Lack of cooperation among governmental agencies also constitutes another major challenge to e-governance. Although every ministry in Nigeria has its own web page, the linkage between them and a standard system is missing (Olufemi, 2012). The system, therefore, is not interactive. In addition, there is lack of information in the internet environment. Not all the information for which the public access should exist or can be found on the web pages of the public administration authorities.

Adeyemo (2011) holds that there is lack of cooperation between government agencies and private sector agencies. In the private sector, there exists the capacity, technology and qualified personnel regarding ICT. However, this knowledge has not been used efficiently towards the need of e-governance implementation in public administration. The bureaucracy lacks the willingness to effectively use e-governance tools. Bureaucracy in general tends to resist change. Due to the perception that wide usage of the internet would decrease its dominance, the bureaucracy sees e-governance implementation as a threat.

Ajayi (2003) opines that in most developing societies, particularly some African countries, there is lack of education regarding usage of computers and the internet which is common in the public sector. Some schools’ curricula have not been designed according to the needs of this technology era. Therefore, there is insufficient education in the schools regarding the usage of computers and internet. There is also lack of legal framework in the field of e-governance. The needs which stem from the developments in telecommunication technologies are not fully met by regulations, such as legislation on the preservation of privacy and personal information, provision regarding information technology crimes in penal code, and legislation on intellectual property rights.

Similarly, Olufemi (2012) observes that worldwide, there is an inequity of knowledge of ICT vendors, of skills, of experience between ICT vendors and their public sector clients, with the former seen as possessing more of these important resources. Such inequalities are particularly acute in Africa where they often-painted picture of ‘Virgins marrying Casanova’ fits perfectly the imbalanced interactions that occur between public servants and vendors. As such, the vendors are often in a position to guide – even dictate – the direction and content of e-government.

From the review, it could be said that e-governance has all-embracing benefits but fraught with challenges occasioned principally by the technological deficiencies of the adopting nations.

2. Theoretical Framework

Diffusion research goes one step further than two-step flow. The original diffusion research was done as early as 1903 by the French sociologist, Gabriel Tarde who plotted the original s-shaped diffusion curve, which is of current importance because “most innovations have an s-shaped rate of adoption” (Rogers, 1995).

Diffusion research centres on the conditions which increase or decrease the likelihood that a new idea, product or practice will be adopted by members of a given culture. Diffusion of innovation theory predicts that media as well as interpersonal contacts provide information and influence opinion and judgment. Studying how innovation occurs, Rogers (1995) argues that it consists of four stages: Invention, diffusion (or communication) through the social system, time and consequences. The information flow through networks and the roles opinion leaders play in them determine the likelihood that the innovation will be adopted.

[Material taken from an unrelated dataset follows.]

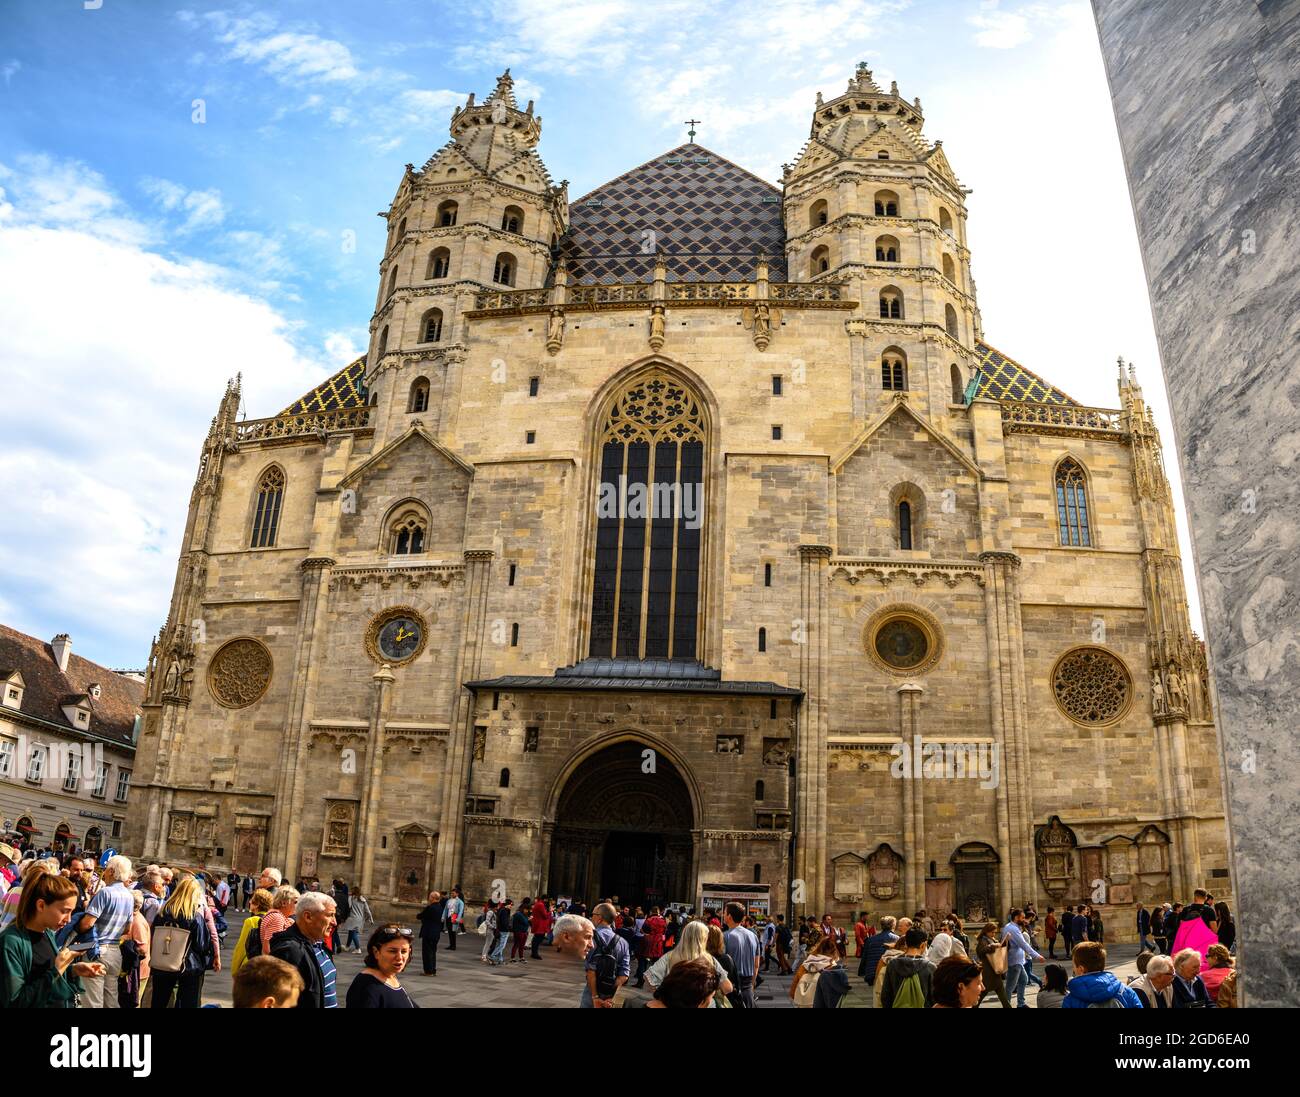 viena Austria - 27 de septiembre de 2019. La catedral de St Stephens está situada en la famosa Stephansplatz, en el centro de Viena. Foto de stock
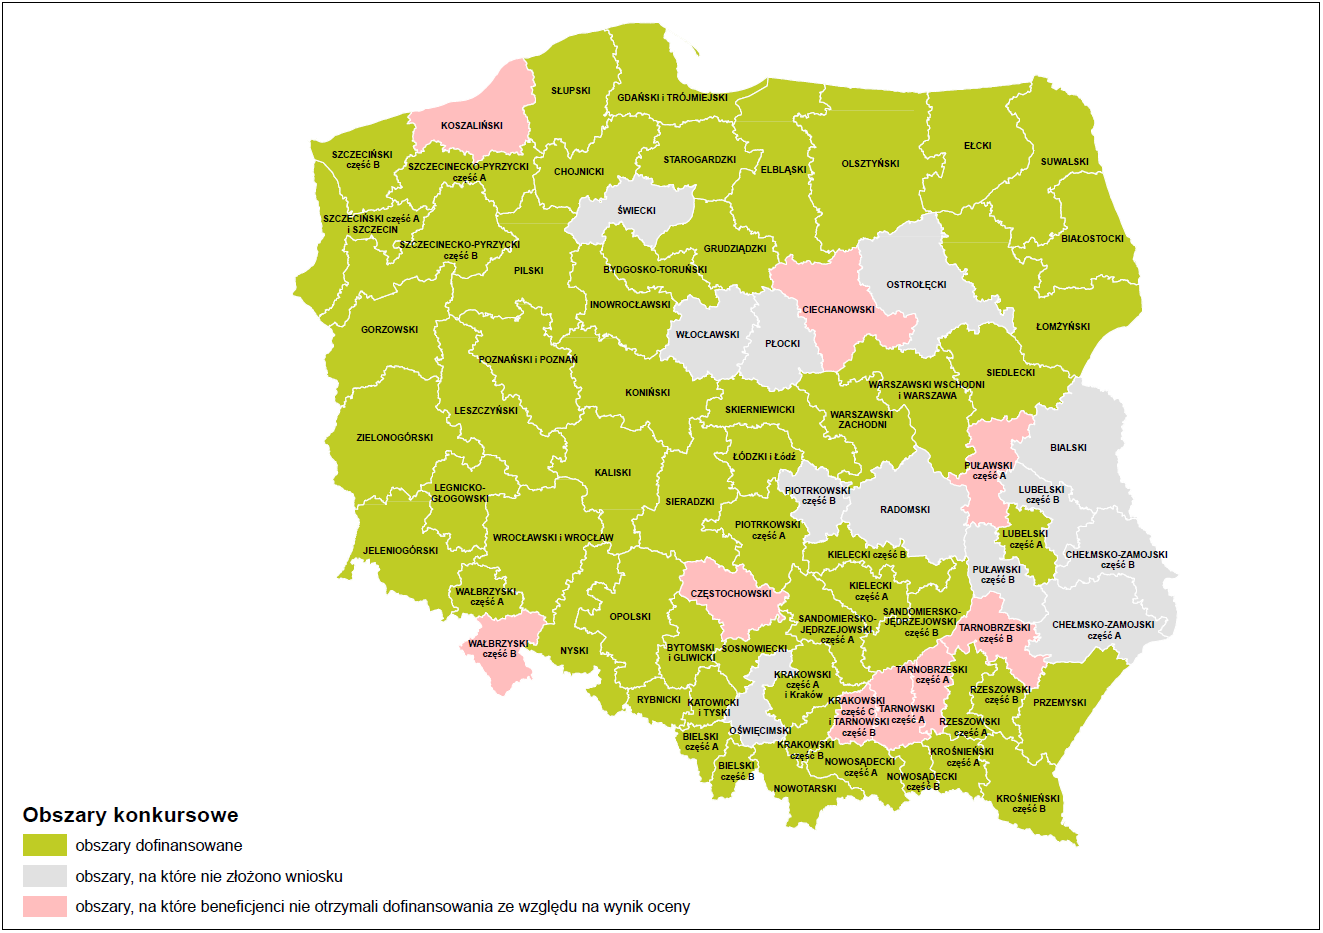 Mapa obszarów konkursowych Programu Polska Cyfrowa z wyszczególnieniem obszarów dofinansowanych; obszarów, na które nie złożono wniosku oraz obszarów, na które beneficjenci nie otrzymał dofinansowania ze względu na wynik oceny.

Innovation diffusion research has attempted to explain the variables that influence how and why users adopt a new information medium, such as the Internet. Opinion leaders exert influence on audience behaviour via their personal contact, but additional intermediaries called change agents and gate keepers are also included in the process of diffusion. Five adopter categories are: (1) innovators, (2), early adopter, (3) early majority, (4) late majority, and (5) laggards. These categories follow a standard deviation curve. Very little innovators adopt the innovation from the beginning (2.5%), early adopters making up to 13.5%, a short time later, the early majority 34%, the late majority 34% and after some time finally, the laggards make up for 16% (Rogers, 1995).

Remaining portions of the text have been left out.